As the economy starts to recover from the pandemic, some analysts contend that unemployment benefits are so generous that they discourage work. Many recipients make more through their benefits than they did in their previous jobs, so observers argue they have little incentive to seek work.
Keep reading for our analysis of the current labor shortage and what factors are to blame.
What’s Causing the Current Labor Shortage?
As the country emerges from the pandemic, demand is rising for goods and services and businesses are hiring again. However, despite the fact that 8.4 million fewer people hold jobs today than before the pandemic, many companies say they’re experiencing a labor shortage currently.
In response, some are increasing their wages. Walmart’s average wage is rising to over $15 an hour, Costco’s starting pay is increasing to $16 an hour, and Mcdonald’s is offering $50 bonuses for applicants just to turn up to an interview.
Some analysts worry this might lead to further inflation, and are concerned that the current labor shortage will hold back economic growth if it leads businesses to limit their productivity. In April of last year, despite the need for more workers, U.S. employers added just 266,000 jobs, approximately one quarter of what economists had expected and significantly fewer than the 770,000 businesses added in March. This indicates that many people who lost jobs during the pandemic are no longer seeking them. The question is why.
Are Benefits to Blame?
Some observers blame the current labor shortage on generous unemployment benefits, arguing that at the levels paid during the pandemic unemployment program, the government was essentially paying people not to work. The average beneficiary received over $15 an hour (calculated for a full-time work week)—a higher salary than many jobs offer—and 42% received more than they did at their previous jobs.
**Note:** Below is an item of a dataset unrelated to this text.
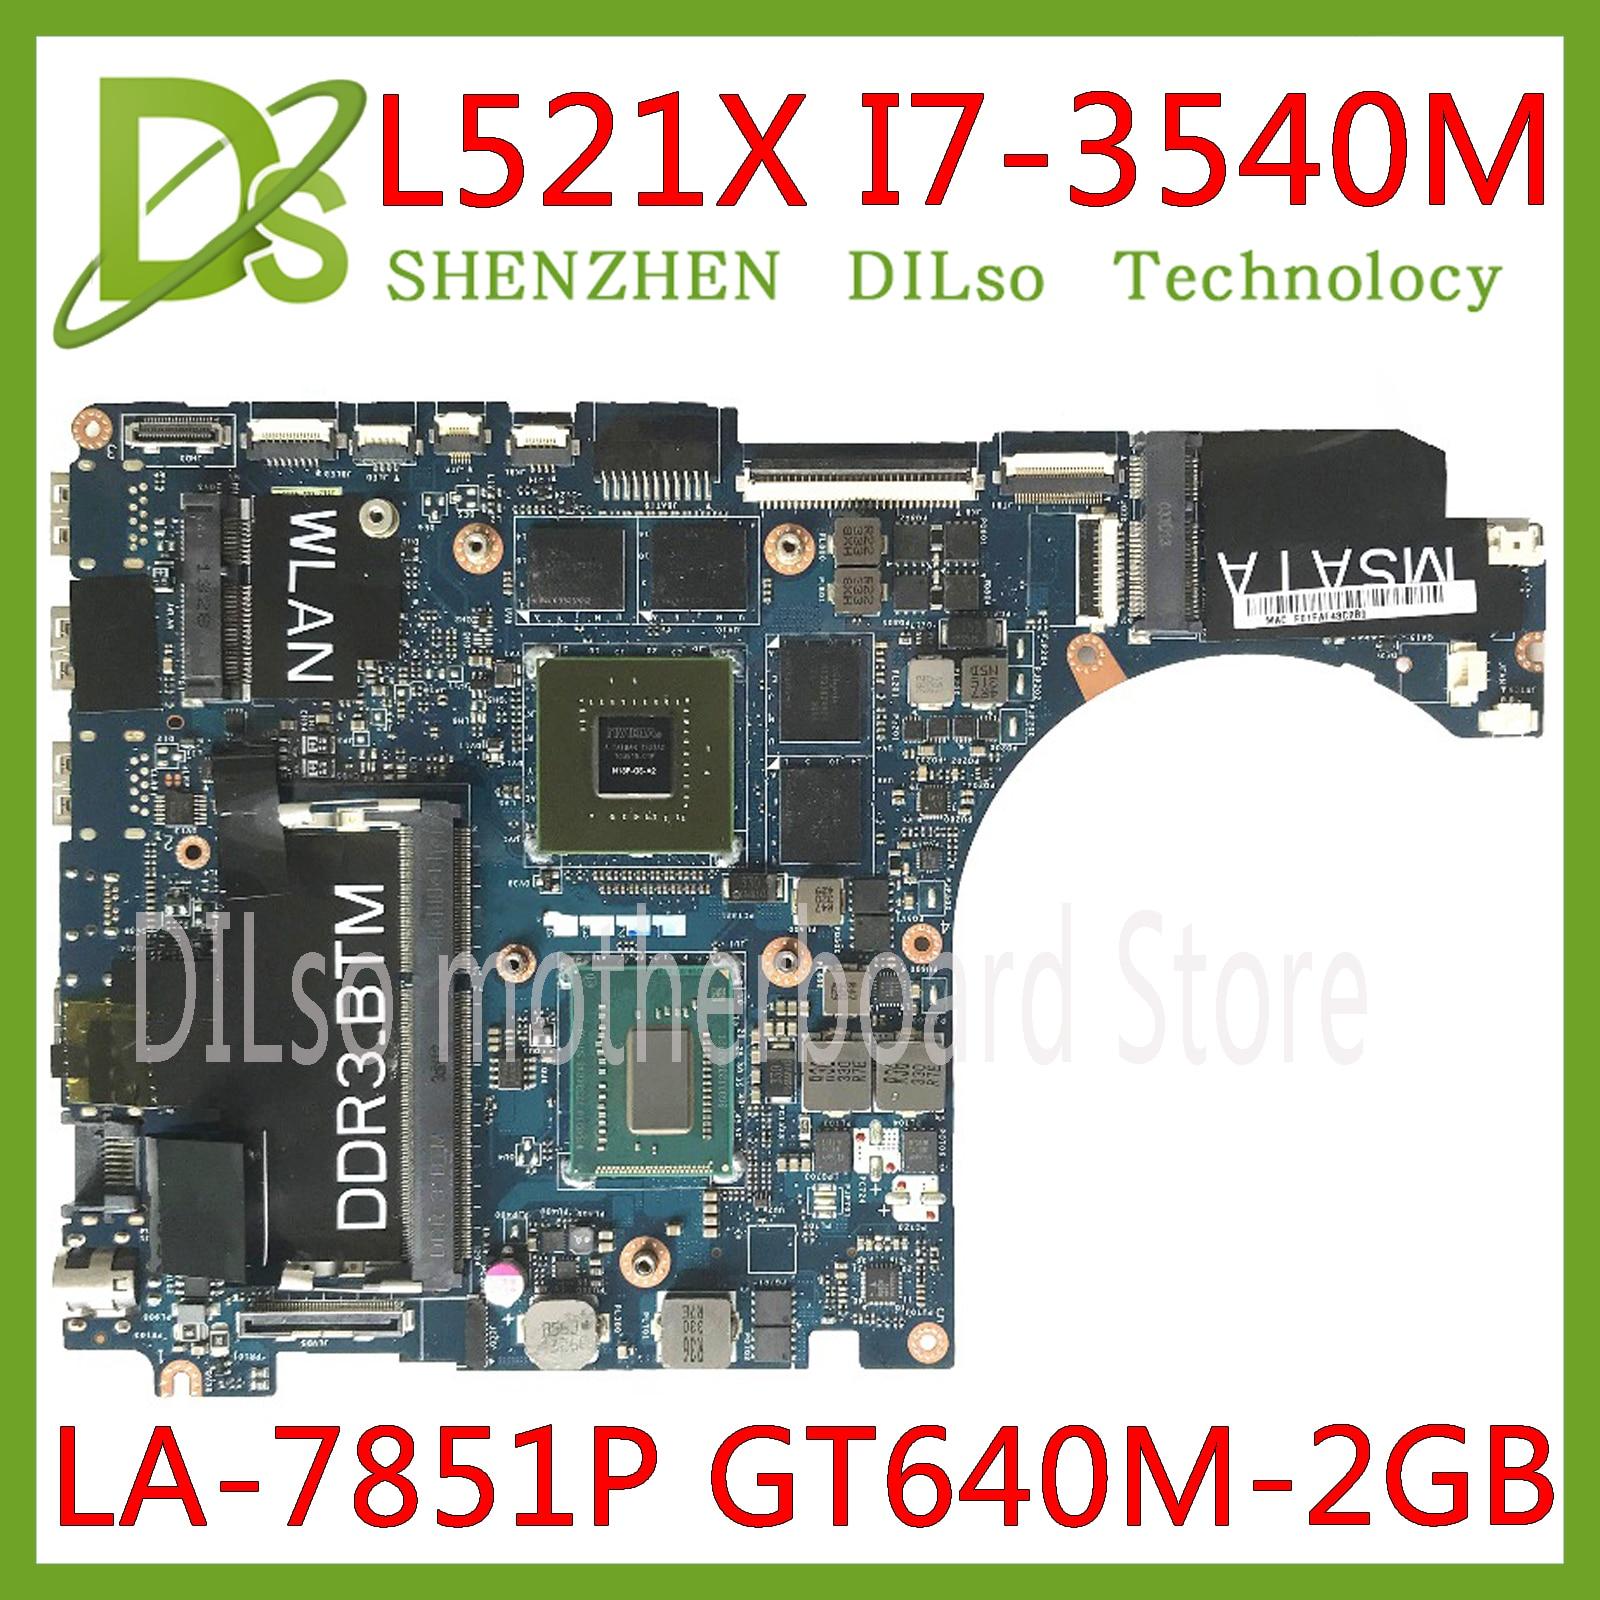 KEFU QBL00 LA-7851P اللوحة الأم لأجهزة الكمبيوتر المحمول ديل XPS 15 L521X I7-3540M DDR3L GT640M 2GB اختبار كامل 100% العمل

However, some analysts argue that because unemployment payments have expired, workers are unlikely to turn down longer-term employment when they’re offered it. Data backs this up: There’s been no difference in employment rates before and after the increased payments were introduced even in regions of low income, where such payments matter more to recipients.
Another Factor: A Fear of Covid
The current labor shortage is most acute in industries where workers must engage in lots of in-person customer contact (like health care and hospitality), suggesting that fear of Covid may still weigh on people’s minds despite the vaccine rollout. Labor shortages are less of a problem where workers can more easily social distance or work outside—in construction, for example, there are fewer job openings per employee today than there were before the pandemic.